Студия театрального искусства.
Режиссер Сергей Женовач, сценография Александра Боровского, художник по свету Дамир Исмагилов, композитор Григорий Гоберник.
Действие спектакля происходит в бане. И сам по себе этот ход достаточно рискован с любых точек зрения. Начнем с того, что идея не нова — много сюжетов, в том числе и классических, уже разыгрывалось в разных помывочных заведениях, которые намекали и на зону комфорта, и на некое чистилище. А продолжим простым соображением: держать героев на протяжении всей пьесы в одной и той же специфической среде — это жесткий концепт, который неизбежно подгоняет спектакль под единственную образную и смысловую доминанту, грозящую наскучить зрителю задолго до конца представления. Однако Сергей Женовач и его постоянный соавтор, художник Александр Боровский, давно уже полюбили такой метод. И частокол берез в «Трех сестрах», и стены психиатрической клиники в «Мастере и Маргарите», и коммунальный дом с ячейками-квартирами в «Самоубийце» — режиссера и сценографа почему-то упорно не пугают концептуальные «единые установки», более того, они продолжают на них настаивать.
А если какая-то часть пьесы в силу своего конкретного места действия не монтируется с той единственной локацией, которую режиссер ей назначил, он эту часть попросту выбрасывает. Вот ведь незадача: Женовача по-прежнему записывают в убежденные традиционалисты, в святые почитатели литературных оригиналов, а он тем временем делает с этими оригиналами все, что ему заблагорассудится. И даже текст, при вроде бы бережном к нему отношении, в постановках этого режиссера уже давно играет далеко не решающую роль.
В спектакле «Лабардан-с», основанном на пьесе Гоголя «Ревизор», целиком вымарана сцена в гостинице, где Городничий посещает Хлестакова, — ее-то уж точно в банный зал никак не поместишь. В результате мы впервые встречаемся с Иваном Александровичем уже в тот момент, когда его бесчувственное вследствие обильных возлияний тело вносят на руках чиновники города N. Поскольку все здесь, включая Хлестакова, ходят практически нагишом, прикрытые лишь белыми купальными простынями, эта пластическая композиция отчетливо напоминает Пьету. Будут и еще подобные аналогии, где Городничий, а затем и Осип несут на руках обмякшую «важную особу». И далее, когда персонажи образуют множество групповых композиций, подозрительно напоминающих живописные полотна на библейские сюжеты. Одна из самых частых такова: люди, сбившиеся в кучки, сомкнувшиеся обнаженными плечами и прикрывшие причинные места белыми «набедренными повязками», благоговейно взирают на «явление» Инкогнито чиновничьему народу.
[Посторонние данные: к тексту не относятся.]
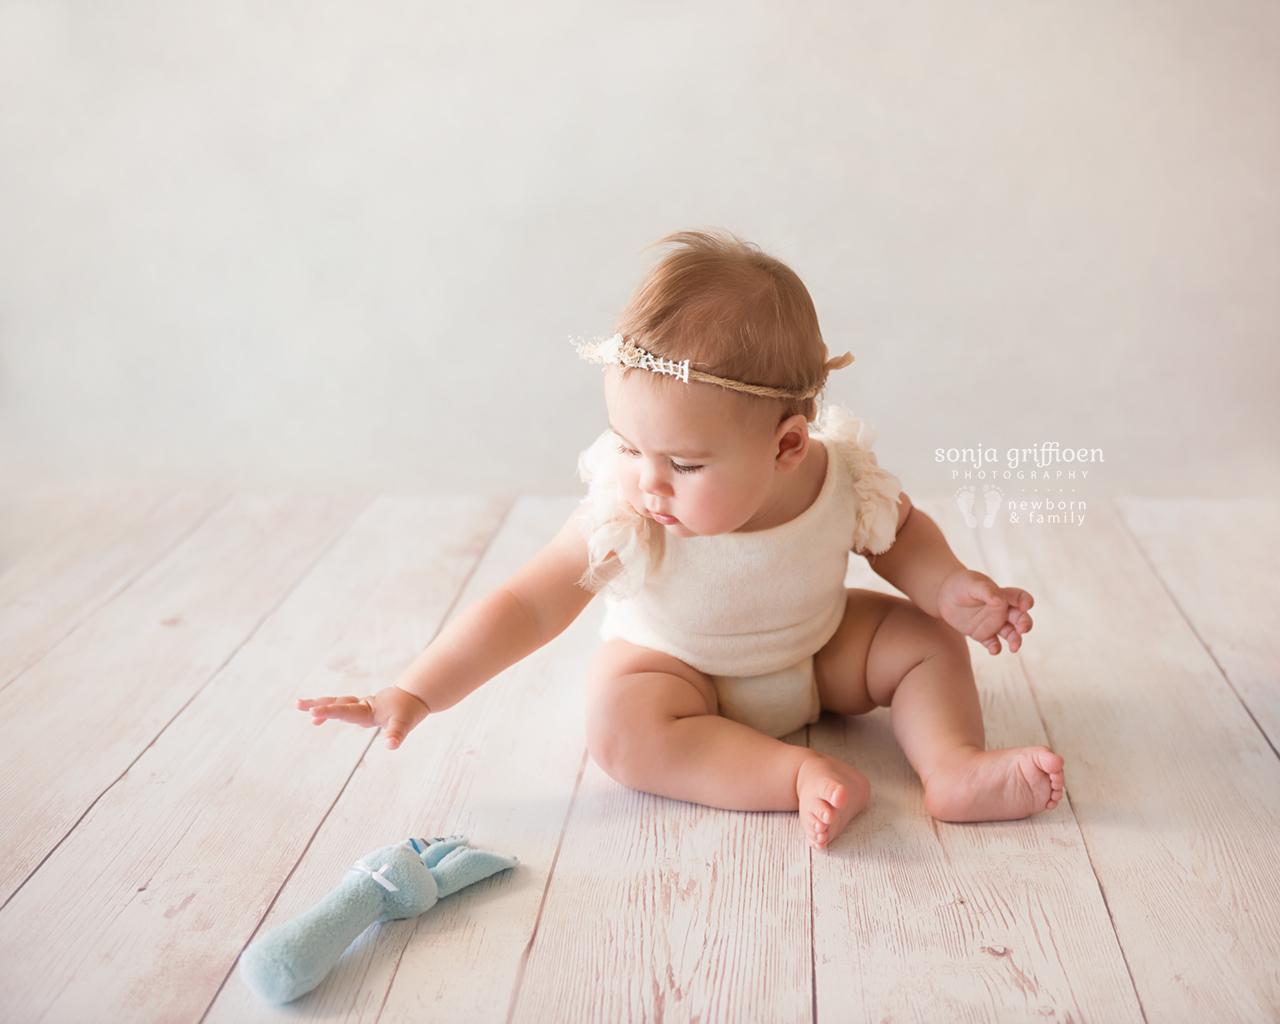 Thalia-Milestone-Brisbane-Newborn-Photographer-Sonja-Griffioen-05.jpg

Появляется будто с картины и Городничий — Дмитрий Липинский, крепкий, видный мужчина с античной бородкой и римским профилем, обернутый, как в тогу, в белоснежную простыню. А как эффектно этот Антон Антонович уходит «на ковер» к настоящему ревизору! Он застывает спиной к зрителю в дверном проеме, и простынка на его плечах превращается в ниспадающий множественными складками прокураторский плащ, только кровавого подбоя не хватает.
Вода в бассейне; мраморные интерьеры римской термы (тут имеется в виду, конечно, новодел, но созданный со вкусом, под «антик»); тоги-туники-повязки; божественная музыка Генделя, Верди и Бизе… Представители власти заштатного уездного городишки появляются перед нами в какой-то античной и одновременно библейской — то есть в самой что ни на есть высокой классической — транскрипции. Кто посчитает, что все это не дьявольская ирония, может бросить в меня камень.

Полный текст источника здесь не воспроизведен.